### INSTRUCTIONS TO FOLLOW
Leave out the pictures and set down the rest of the listing below word for word.

### GIVEN MATERIAL
+---+
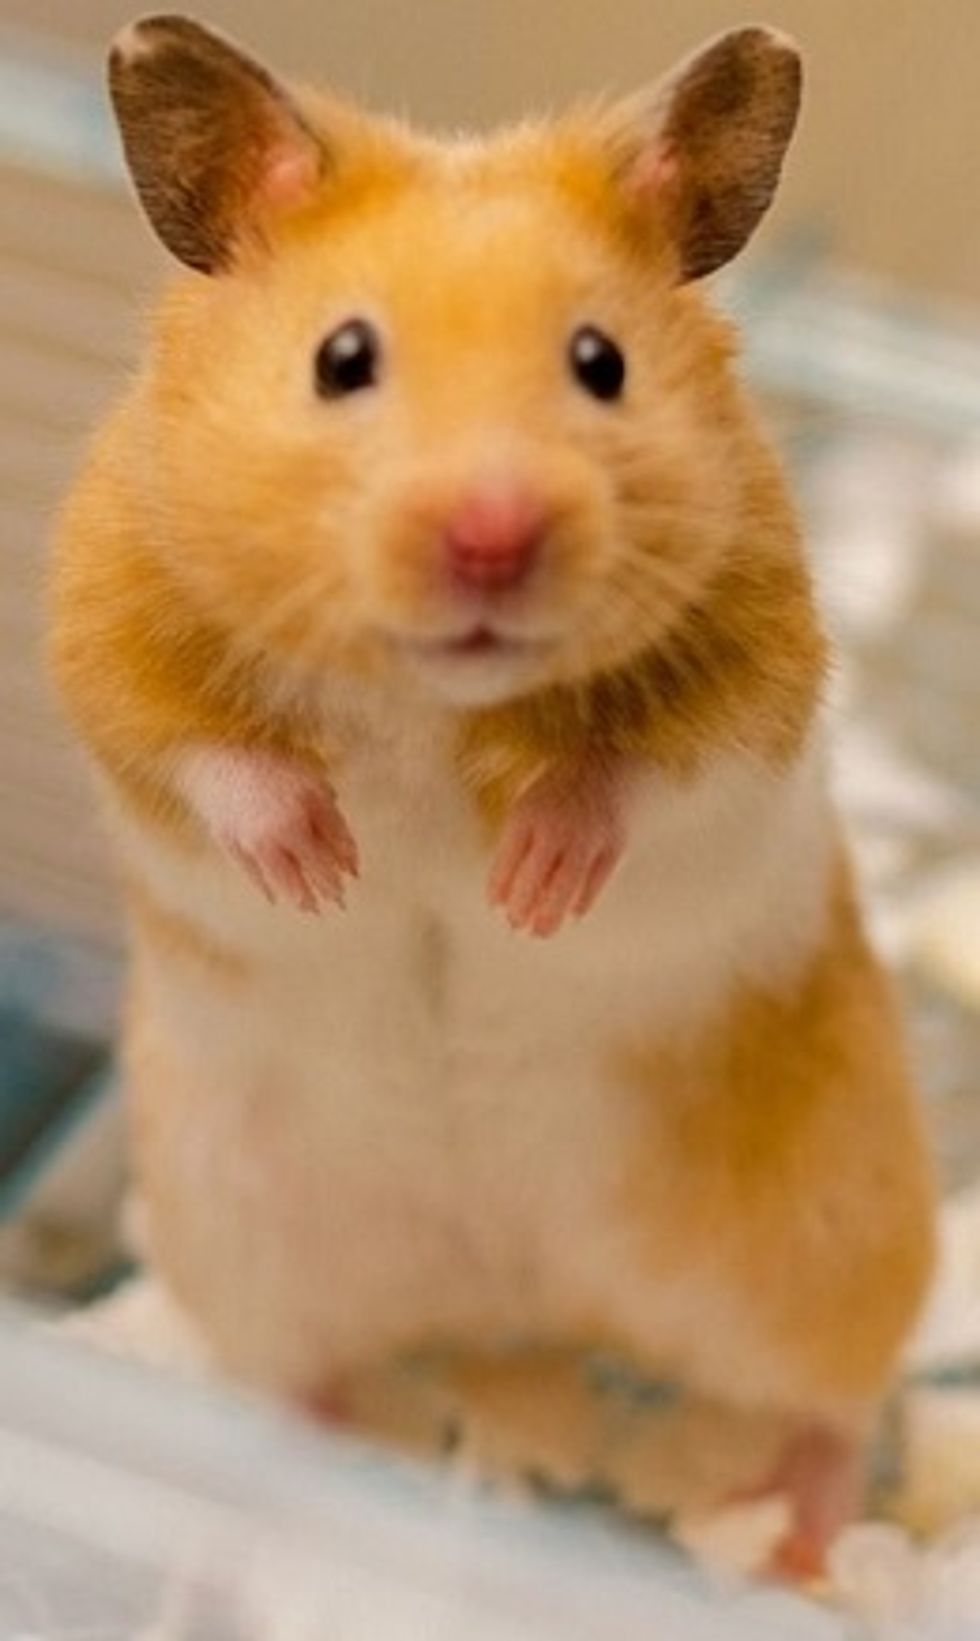 Tips And Tricks To Owning a Hamster
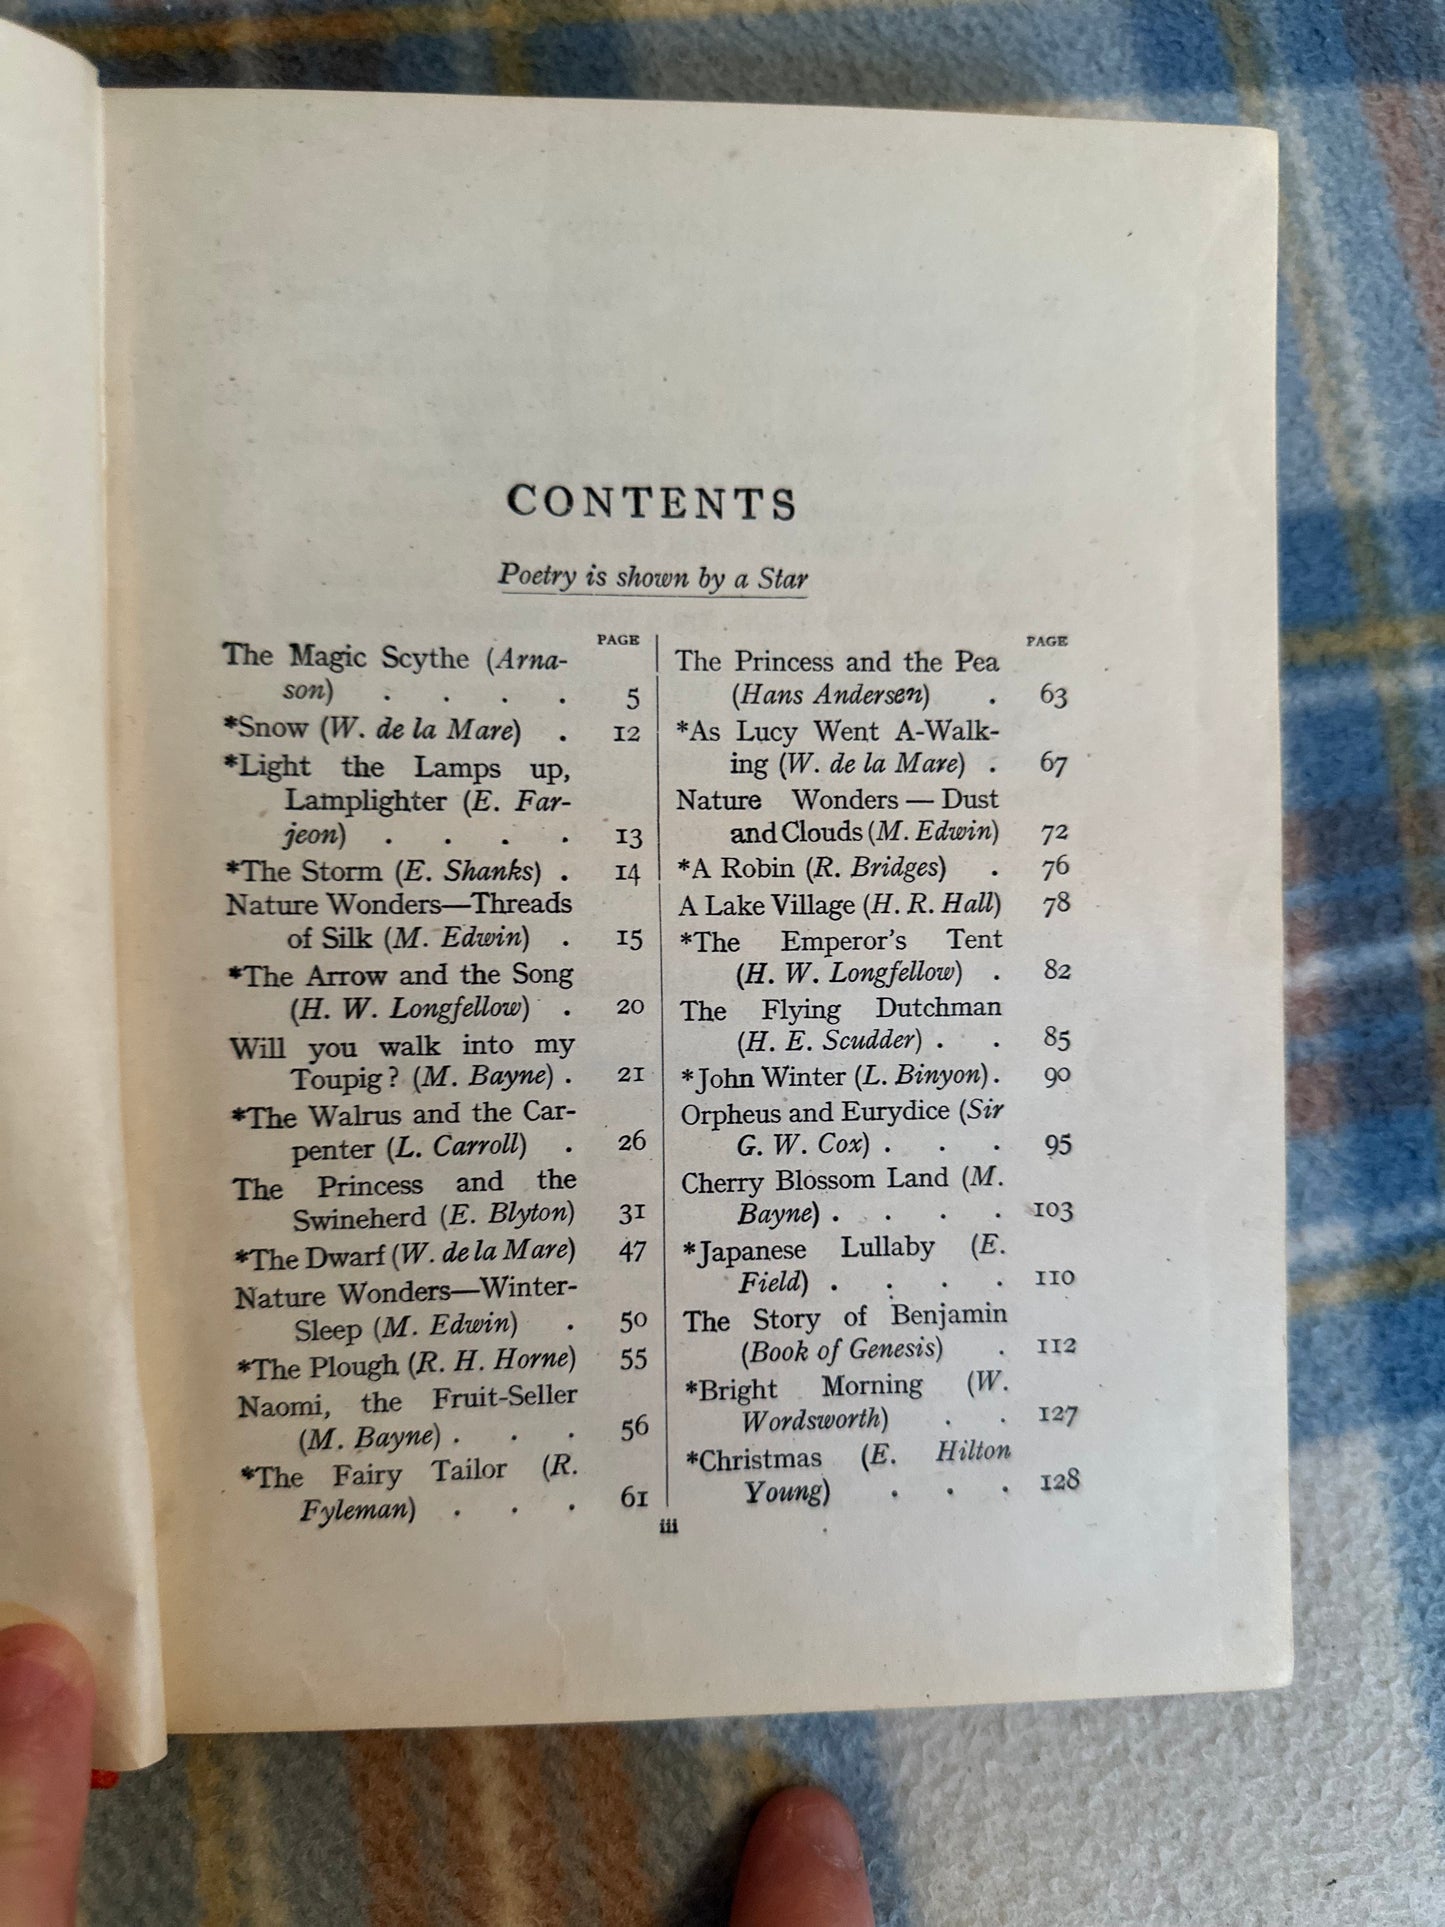 1946 Talk Of Many Things - Compiled by Richard Wilson(Thomas Nelson & Sons Ltd)
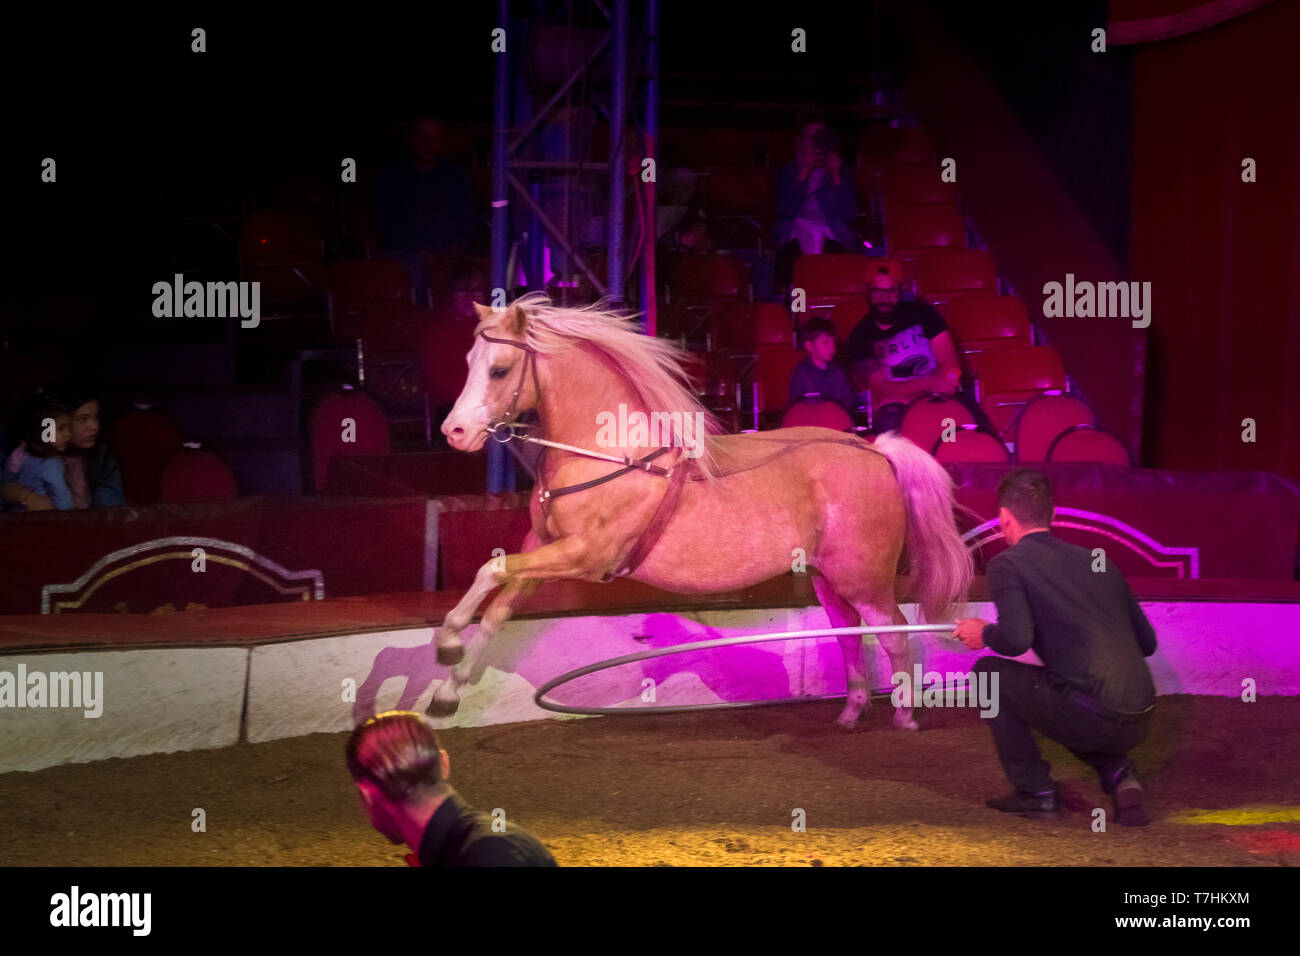 Welsh Pony (Section B) jumping through hoops in a circus ring. Circus Louis Knie Junior, Austria Stock Photo
+---+
### RESPONSE TO THE TASK
 Tips And Tricks To Owning a Hamster
 1946 Talk Of Many Things - Compiled by Richard Wilson(Thomas Nelson & Sons Ltd)
 Welsh Pony (Section B) jumping through hoops in a circus ring. Circus Louis Knie Junior, Austria Stock Photo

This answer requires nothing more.